Personal Attributes:
• Ability to identify, troubleshoot, and resolve complex data issues effectively.
• Strong teamwork, communication skills and intellectual curiosity to work collaboratively and effectively with cross-functional teams.
• Commitment to delivering high-quality, accurate, and reliable data products solutions.
• Willingness to embrace new tools, technologies, and methodologies.
• Innovative thinker with a proactive approach to overcoming challenges.

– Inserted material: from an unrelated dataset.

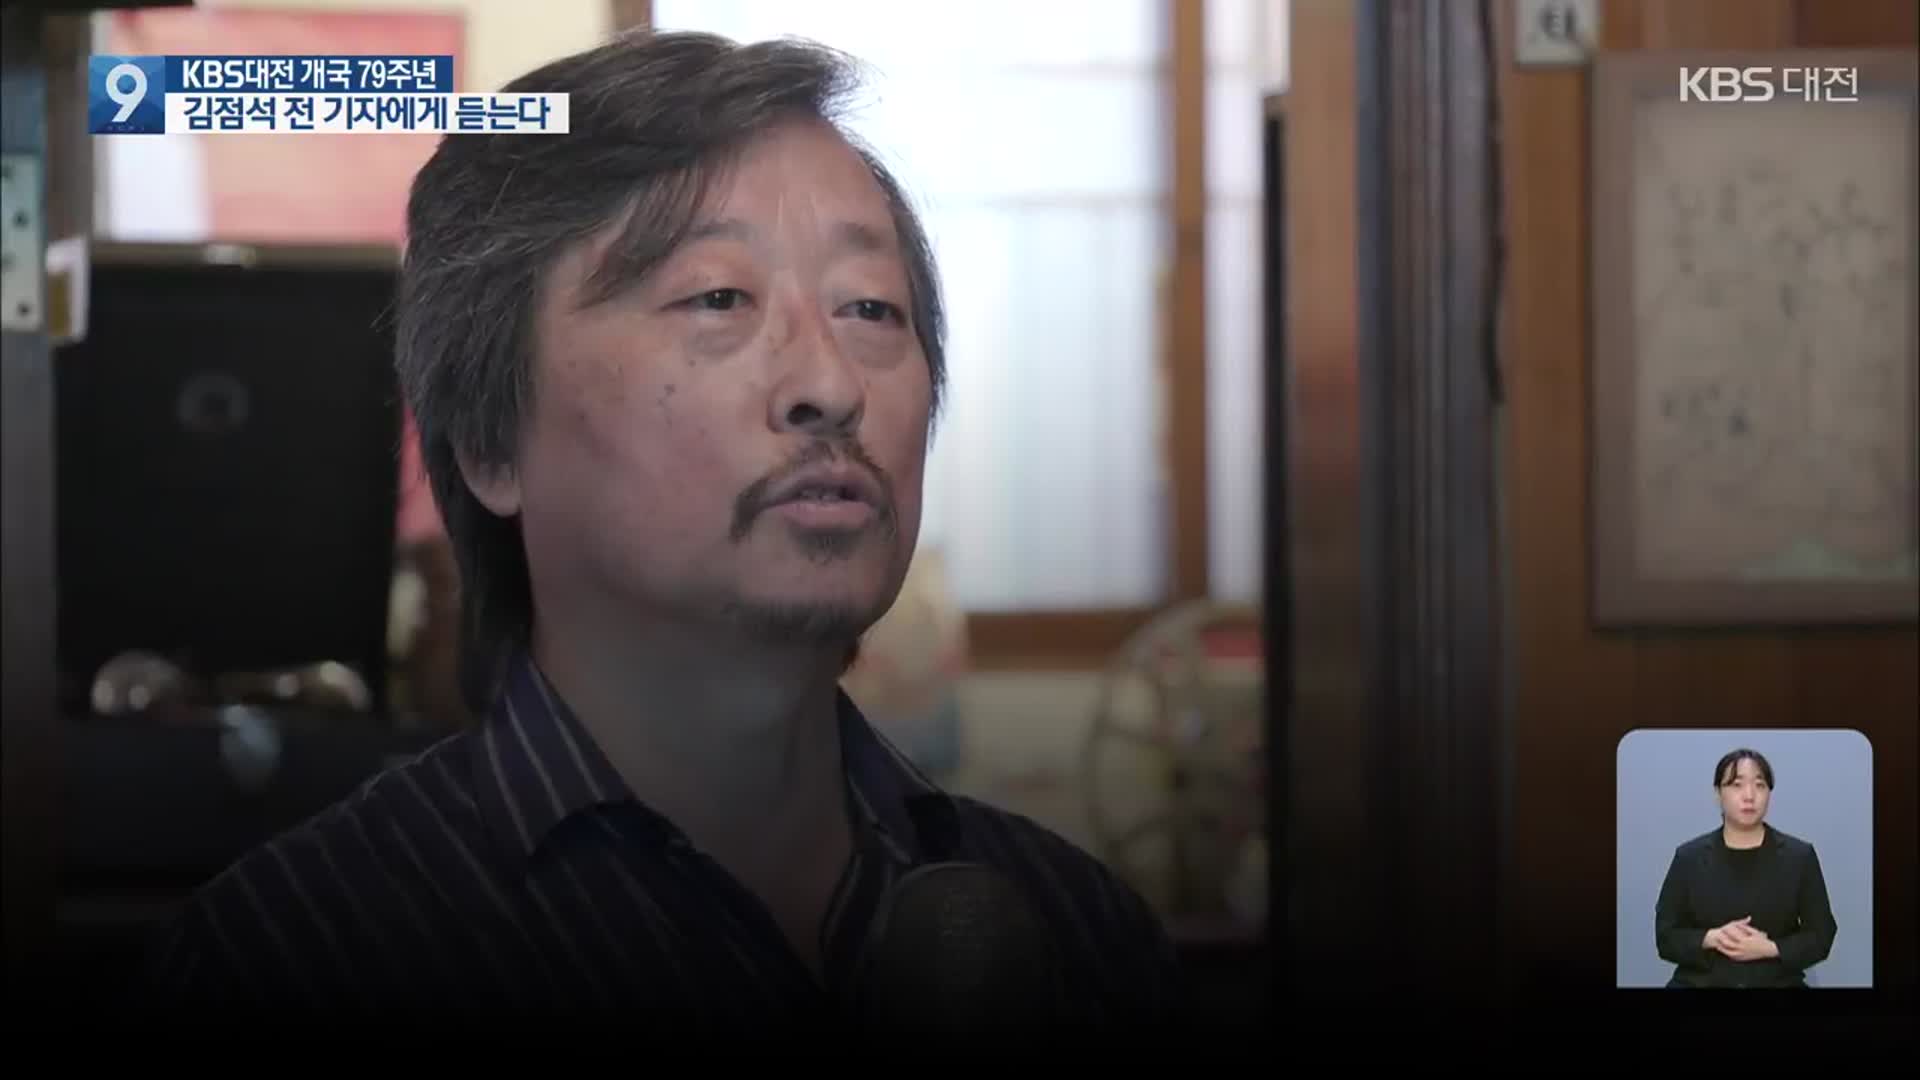 KBS대전 79년…김점석 전 기자에게 듣는다

At Allata, we value differences.

Allata is an equal opportunity employer. We celebrate diversity and are committed to creating an inclusive environment for all employees.

Allata makes employment decisions without regard to race, color, creed, religion, age, ancestry, national origin, veteran status, sex, sexual orientation, gender, gender identity, gender expression, marital status, disability or any other legally protected category.

This policy applies to all terms and conditions of employment, including but not limited to, recruiting, hiring, placement, promotion, termination, layoff, recall, transfer, leaves of absence, compensation, and training.